A question related to radiometry:
Irradiance $E$ at a point $x$ can be written as:
$$E = \int_\Omega L(x, \omega) cos(\theta) d\omega$$
I understand this formula and where it comes from. The equation for radiance can be written as:
$$L = {d^2\Phi \over {d\omega dA^\perp cos(\theta)}}$$
What I don't understand is if we substitute this last equation in the first one for irradiance, don't we get:
$$E = \int_\Omega {d^2\Phi \over {d\omega dA^\perp cos(\theta)}} cos(\theta) d\omega \rightarrow \int_\Omega {d^2\Phi \over {dA^\perp}} \rightarrow \int_\Omega d({d\Phi \over dA^\perp}) \rightarrow \int_\Omega dE$$
which doesn't make sense to me? What am I missing? Is irradiance the integral of differential irradiance over the hemisphere?
Best Answer
Radiance is the correct term for what we loosely describe as "brightness."

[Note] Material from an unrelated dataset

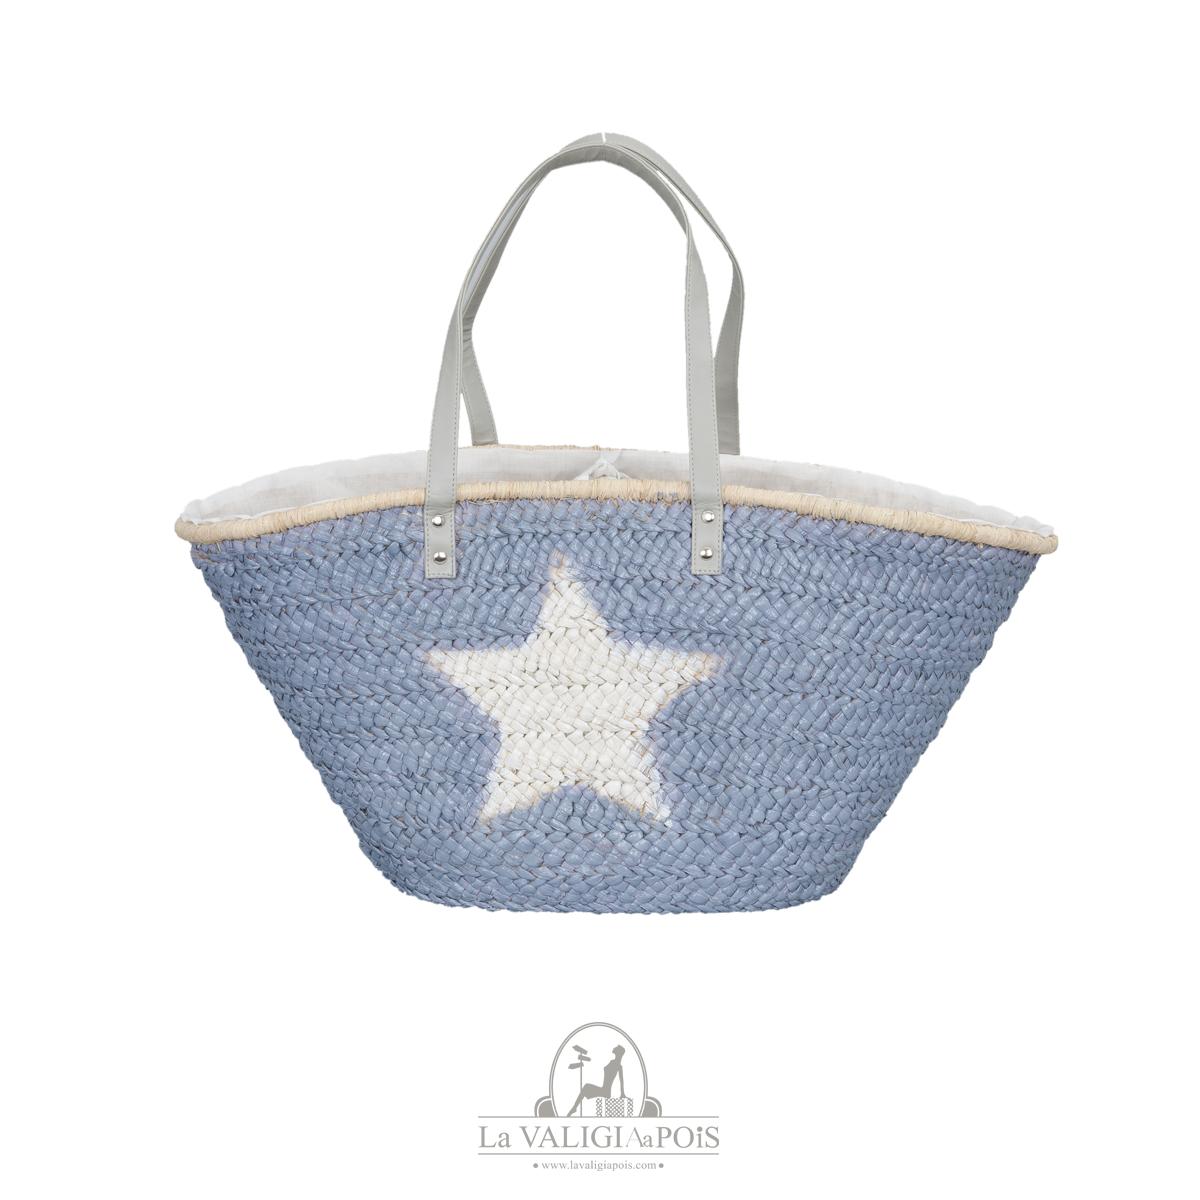 Bag White Star - Borsa in paglia naturale intrecciata con esterno in colore azzurro e stella bianca a contrasto dipinta, capiente, con fodera interna e manici in pelle.
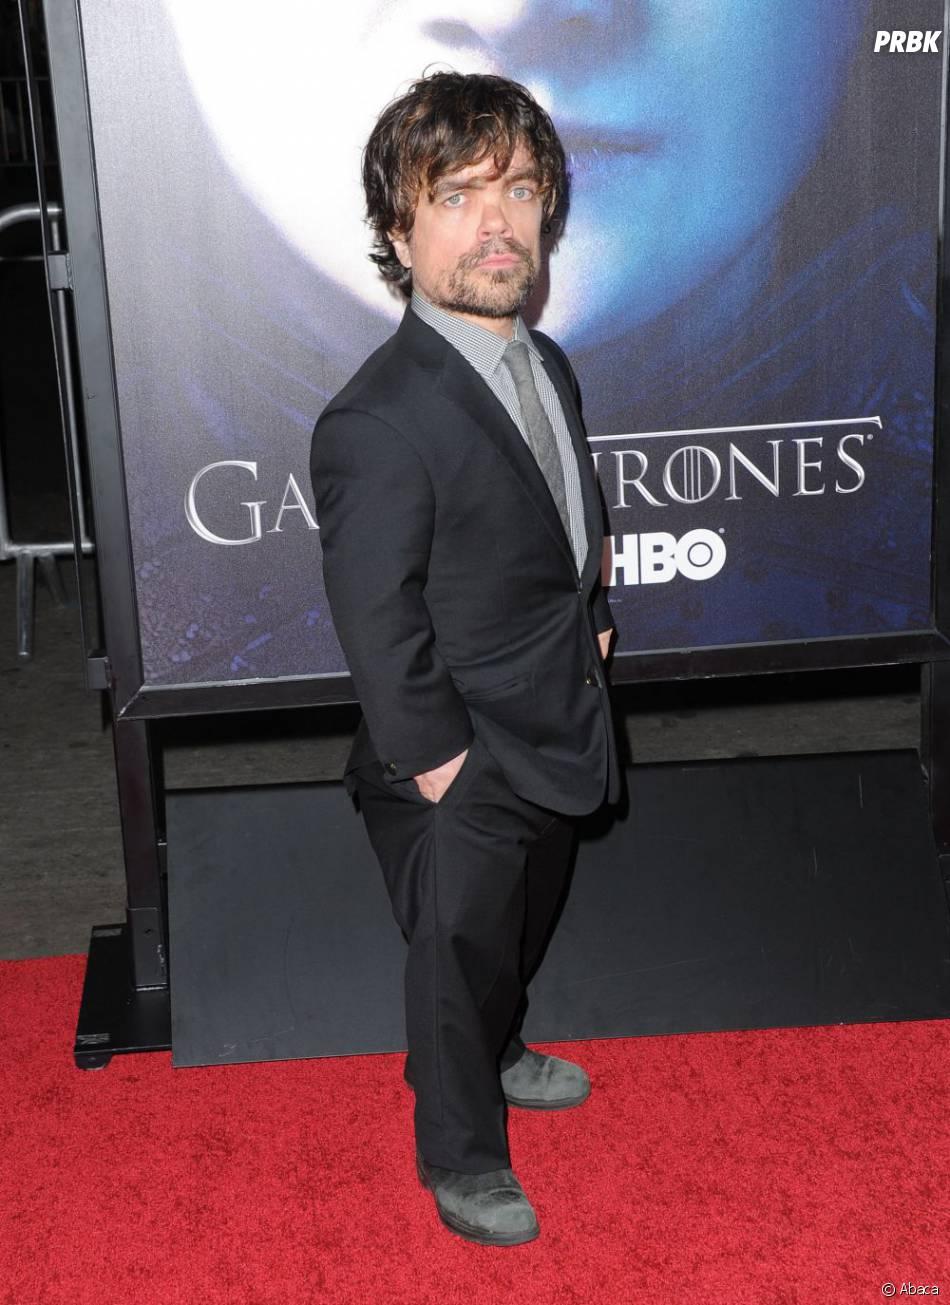 Peter Dinklage a gagné beaucoup d'argent grâce à son rôle dans Game of Thrones

Its units are Watts per square meter, per steradian.
Irradiance is simply Watts per square meter, and describes the power per unit of area impinging on a surface.
Radiance is invariant under all optical transformations (reflection, refraction, etc.)
The only way to change the radiance is to introduce statistical processes (scattering by diffuse materials).
This always involves energy losses, due to large angle and back scattering, and absorption in the diffusing medium.
The constancy of radiance is a consequence of the second law of thermodynamics. If it were possible to losslessly change radiance, we could increase the radiance of an emission from a black body source, and impinge it on a second black body, which would drive that body to a higher temperature than the source. Because of bi-directionality, if you can't increase radiance, you can't decrease it either (losslessly).